Kotaimen / awscfncli

Friendly AWS CloudFormation CLI
MIT License
58 stars 12 forks source link

Executing changeset fails due to throttling #68

Open mkielar opened 5 years ago

mkielar commented 5 years ago

This is an effect of #59. I have around 20 stacks that are currently ran within parallel Jenkins Pipieline. They have no cross-dependencies, so it's way faster to run them concurrently. This means they all start more or less at the same time, and they start failing because of the Throttling issue on Cloudformation API.

The example log:

Uploading to <edited-s3-key>/8eace00f35e63622adf76d987e6389a6.template  5527 / 5527.0  (100.00%)
Uploading <edited-s3-key>/24060b87943ee095687aa3fa75a6c1c2.template  4704 / 4704.0  (100.00%)Successfully packaged artifacts and uploaded to s3://dev-spdra-cf-templates.
ChangeSet Name: <edited-changeset-name>
ChangeSet Type: UPDATE
ChangeSet ARN: arn:aws:cloudformation:eu-west-2:<edited-account-id>:changeSet/<edited-changeset-name>
ChangeSet create complete.
An error occurred (Throttling) when calling the DescribeChangeSet operation (reached max retries: 4): Rate exceeded
Aborted!

It seems cfn-cli handles throttling issues when DescribeStackEvents is called for logging, but that's it. To be even worse, this exception is thrown by botocore after it already attempted max_retries times, with an expotential delay handler (i think) and all of them failed.

There seems to be no proper way out of this, but I'd like you to consider three options:

  1. Allow for parameterization of the max_retries value (example)
  2. Allow disabling DescribeStackEvents calls, while still waiting for the stack to finish (although not sure if that would actually reduce the number of CF API Requests)
  3. Use SNS/SQS for tailing events, instead of the DescribeStackEvents. This is a larger topic, but: 3.1. cfn-cli could either use SQS address provided by parameter (assuming users set up everything themselves), or 3.2. better, cfn-cli could actually provision SNS/SQS for itself and then use it (assuming it's run with a profile that allows for this).

What do you think?

Kotaimen commented 5 years ago

Hi @mkielar,

There are backoff in tail_stack_events so cfn-cli won't be throttled when it's working on a reasonably sized "nested stack". Are you deploying 20 stacks in a single account? AWS has a lot of throttling applied here and there at account level. Even call to DescribeStackEvents is disabled you are very likely to hit another transparent wall somewhere else (eg: running out of instance type limits, or throttled when creating too many DynamoDB tables to fast).

Still, I think 2 is a reasonable workaround as disable the stack events will greatly reduce call to Cloudformation APIs. But it may not work as expected as the "wait until stack deployment complete" features internally uses Waiter and it polls CloudFormation API:

 def wait(self, **kwargs):
        ........
        while True:
            response = self._operation_method(**kwargs)
            num_attempts += 1
            .........

I would like to know what kind of resources you are creating in the template? (eg: DDB table, EC2 instance...etc)

mkielar commented 5 years ago

Hi,

what I deploy is more or less:

This is one main stack that consists of 7 to 10 nested stacks depending on configuration (some nested stacks are only deployed on specific Conditions). This, times 20. As of now, the only throttling we observe is caused by Cloudformation API. Once started, all the stacks deploy properly.

The 20 is increasing as the nature of the platform I'm building is to allow standardized deployment of tools that serve different business logic, but have the same, standard APIs.

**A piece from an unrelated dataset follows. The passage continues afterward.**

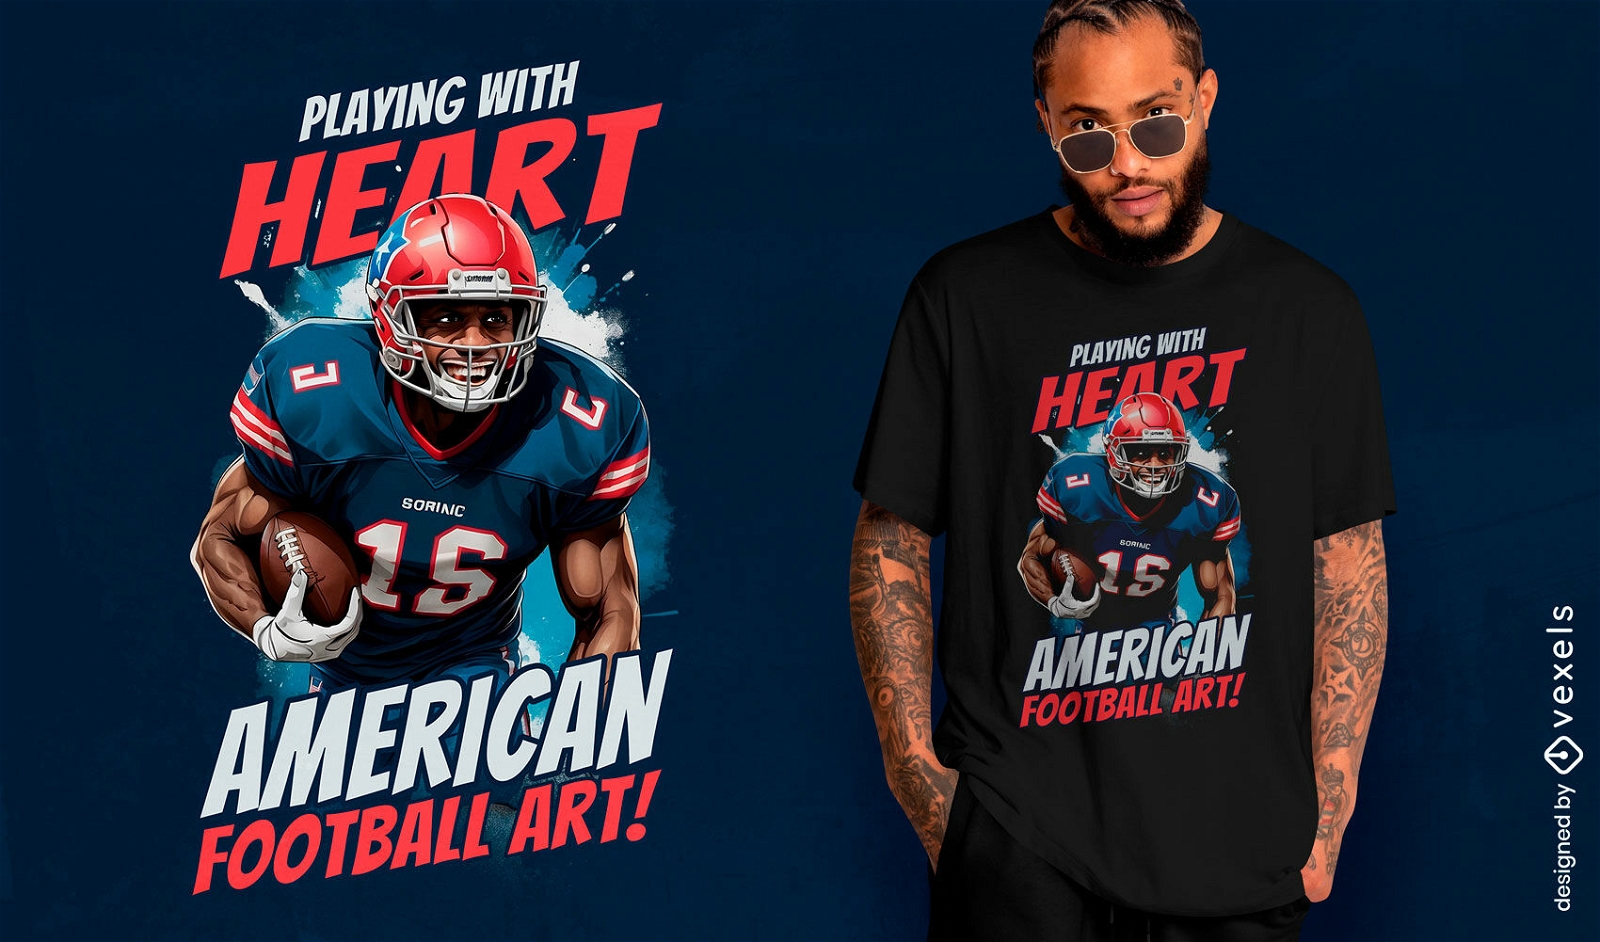 American football art t-shirt design

Which means we're going to go from 20 to much more within some time.

What I'd appreciate though is pt.1 with either pt.2 or pt.3, as the first one actually gives me control on the number of retries, and the other two minimize the risk of throttling.

Alternatively, I could use Jenkins retry step, if I could identify that the cfn-init failed due to throttling when trying to executing the stack, or failed due to CF stack failing. That should be possible if I could differentiate cfn-cli exit codes on those occations. Do you have any docs on exit codes of cfn-cli?